NEPI Rockcastle N.V., formerly known as NEPI Rockcastle S.A, has recently distributed an explanatory note to its shareholders regarding an important agenda item for its upcoming Annual General Meeting. The item in question, Agenda Item 2, proposes the release of the Company’s Directors from liability for their duties during the 2022 financial year. The meeting is scheduled to take place on Wednesday, 14 June 2023, at the World Trade Center Tower Ten in Amsterdam, the Netherlands.
The release from liability is a customary procedure for companies incorporated in the Netherlands and is in line with article 25.2 of NEPI Rockcastle’s Articles of Association and section 2:101 (3) of the Dutch Civil Code.

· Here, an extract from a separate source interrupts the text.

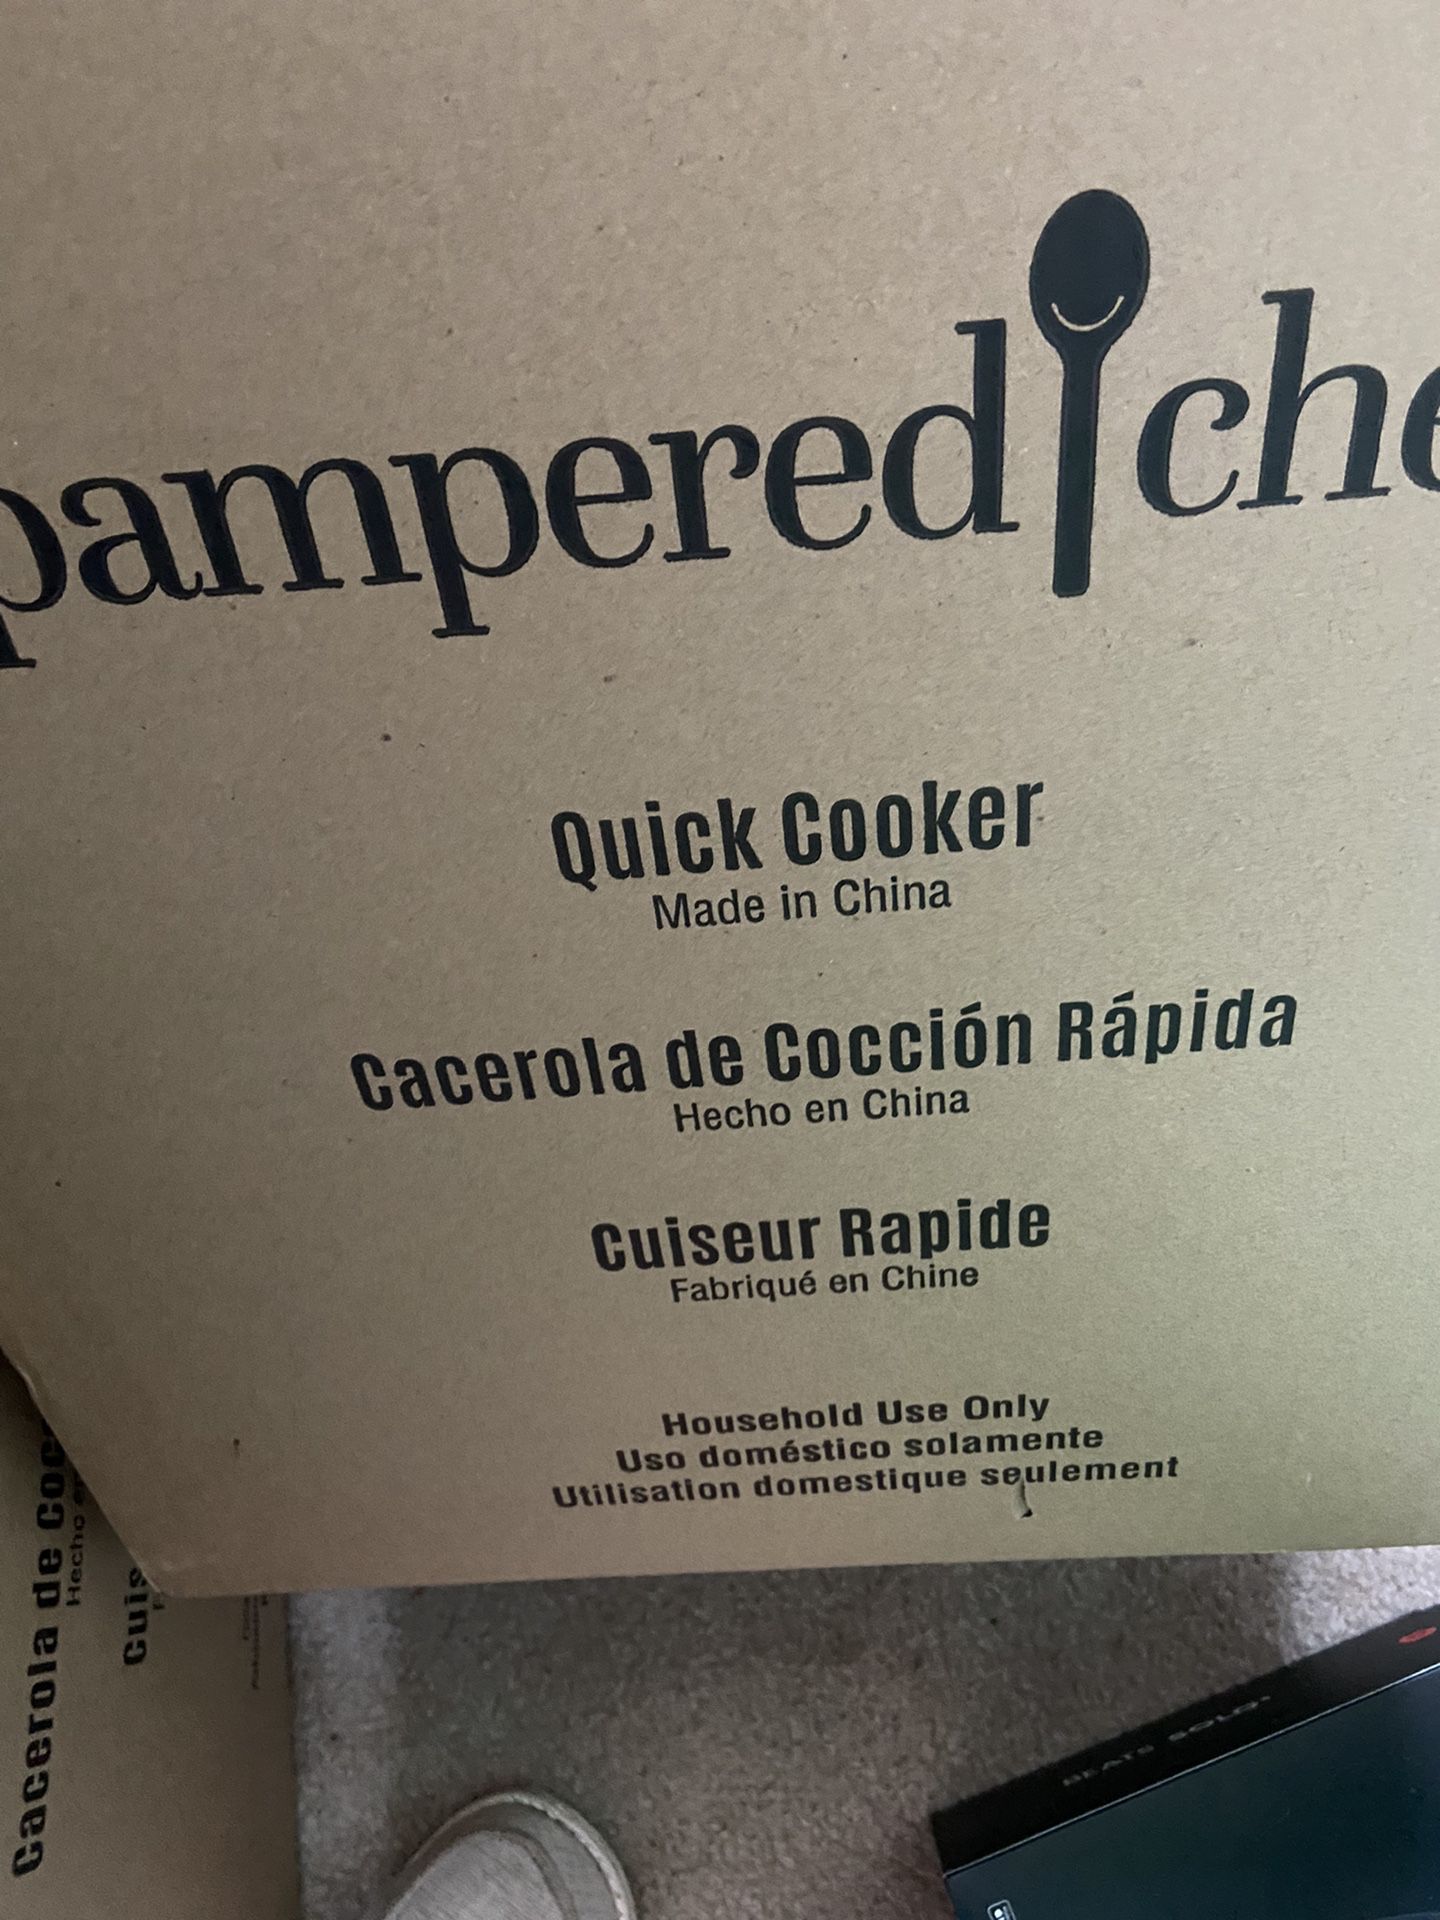 Pampered Chef Quick Cooker

By approving this agenda item, shareholders would formally discharge the Directors from their legal obligations and responsibilities related to their conduct during the past financial year, as reflected in the 2022 accounts included in the 2022 Integrated Annual Report, or any disclosures made to the General Meeting prior to the adoption of the 2022 annual accounts.
The decision to release the Directors from liability is based on the approval of the 2022 annual accounts and the 2022 Integrated Annual Report, which provide comprehensive information about the Company’s performance, financial position, risks, and compliance with laws and regulations. However, it should be noted that this release is not an absolute guarantee of immunity for the Directors.

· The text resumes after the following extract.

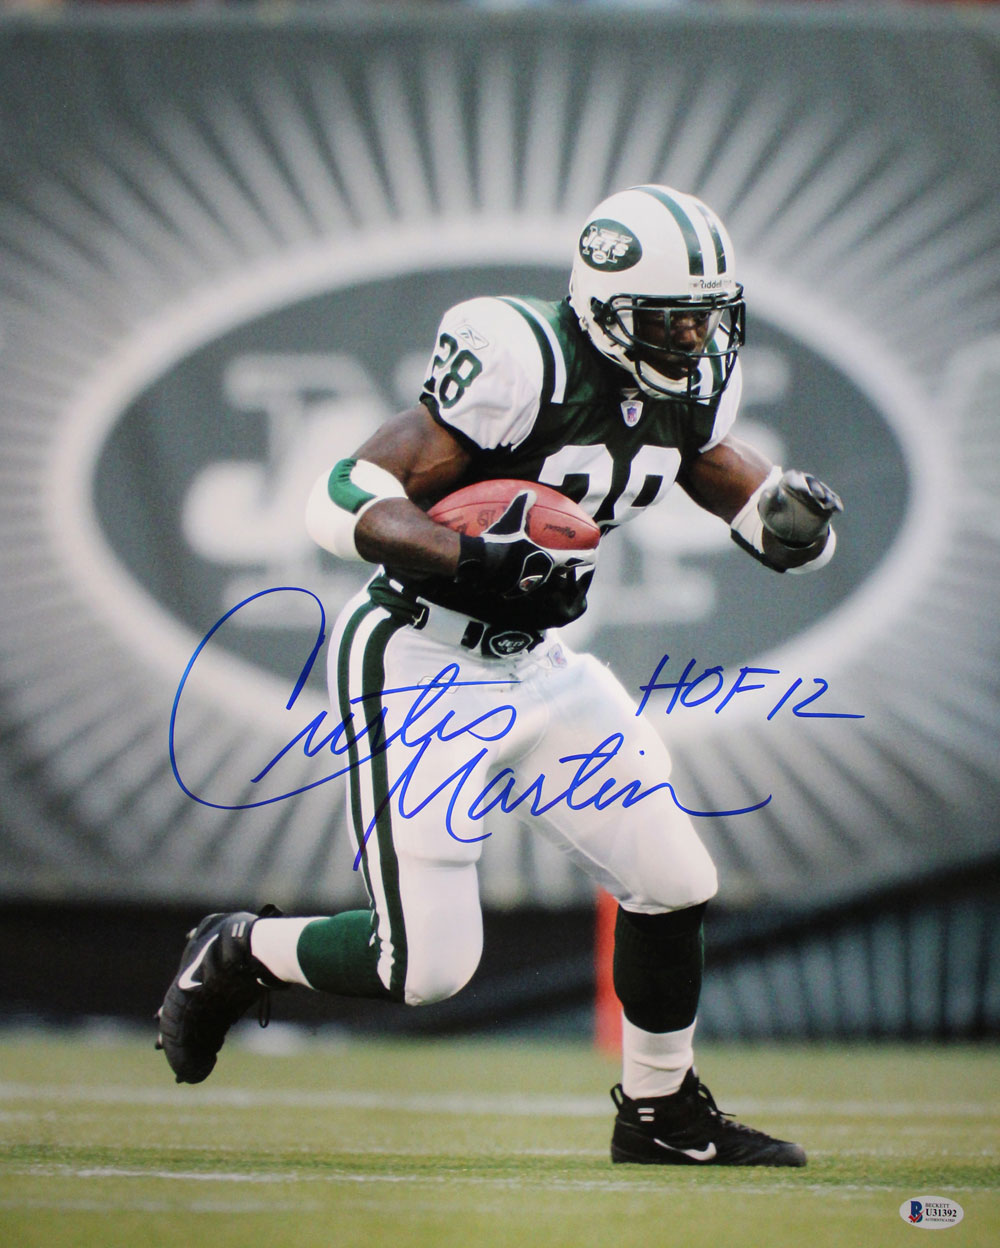 Curtis Martin Autographed/Signed New York Jets 16x20 Photo HOF BAS 29166
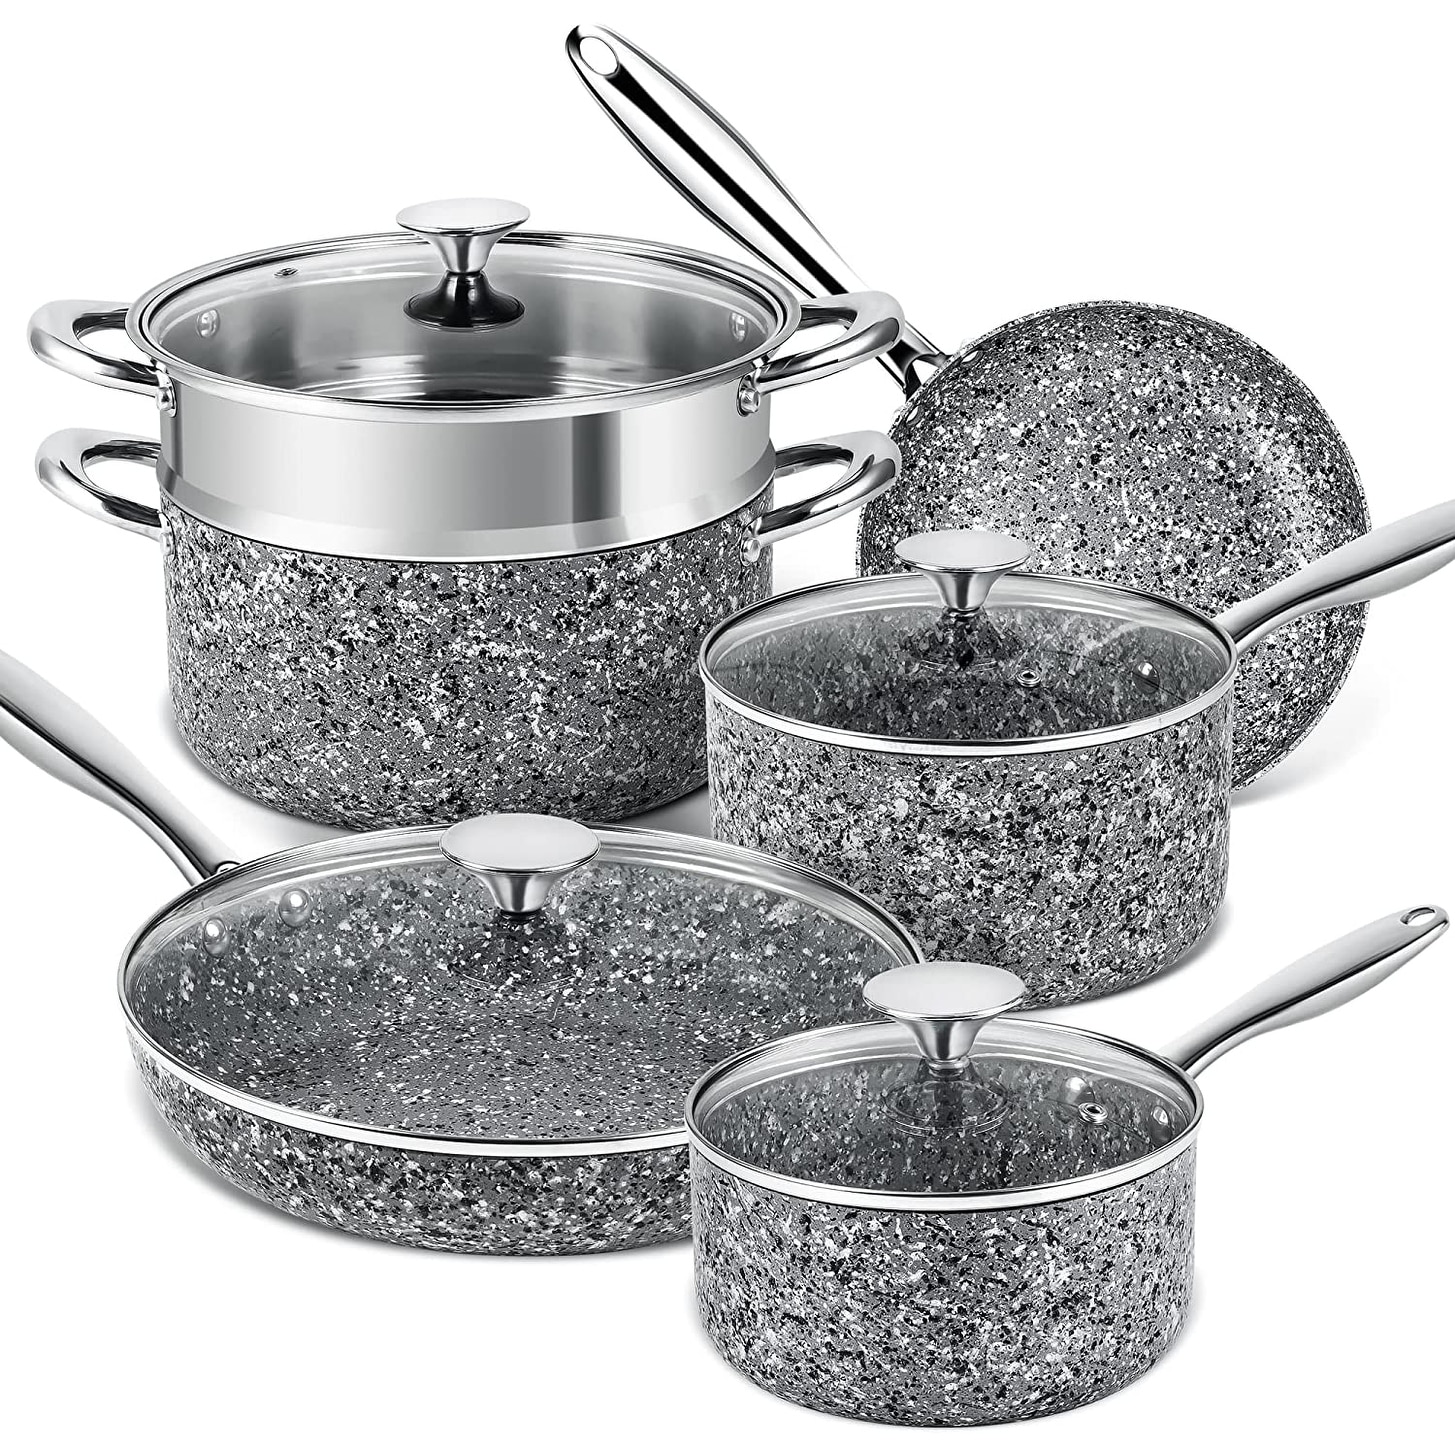 https://ak1.ostkcdn.com/images/products/is/images/direct/3dee833f70cd1499f0c8c830a1c3a59415d4c9f0/Pots-and-Pans-Set-22-Piece%2C-Nonstick-Kitchen-Cookware-Sets-with-Stone-Derived-Coating.jpg

The release from liability does not exempt Directors from liability for unlawful actions towards individual shareholders, nor does it prevent the Company from pursuing claims against Directors in cases involving lack of oversight, fraud, misrepresentation, gross negligence, or breach of fiduciary duty. The scope of the release from liability is limited to the facts disclosed to the General Meeting in the 2022 annual accounts and the 2022 Integrated Annual Report, or otherwise shared by the Directors. This means that if the Directors intentionally withhold information regarding their actions, they cannot be discharged from accountability.
The inclusion of Agenda Item 2 on the meeting agenda is a routine request and underscores NEPI Rockcastle’s commitment to transparency and accountability. The release from liability is customary unless substantial evidence arises indicating a failure by the Board of Directors to fulfill their fiduciary duties. Such evidence may include lack of oversight or action, fraud, misrepresentation, or gross negligence.
NEPI Rockcastle emphasizes that shareholders should consider the release from liability within the specified context and limitations. The release does not provide an absolute or irrevocable guarantee of immunity for the Directors but rather reflects the approval of their disclosed conduct during the 2022 financial year.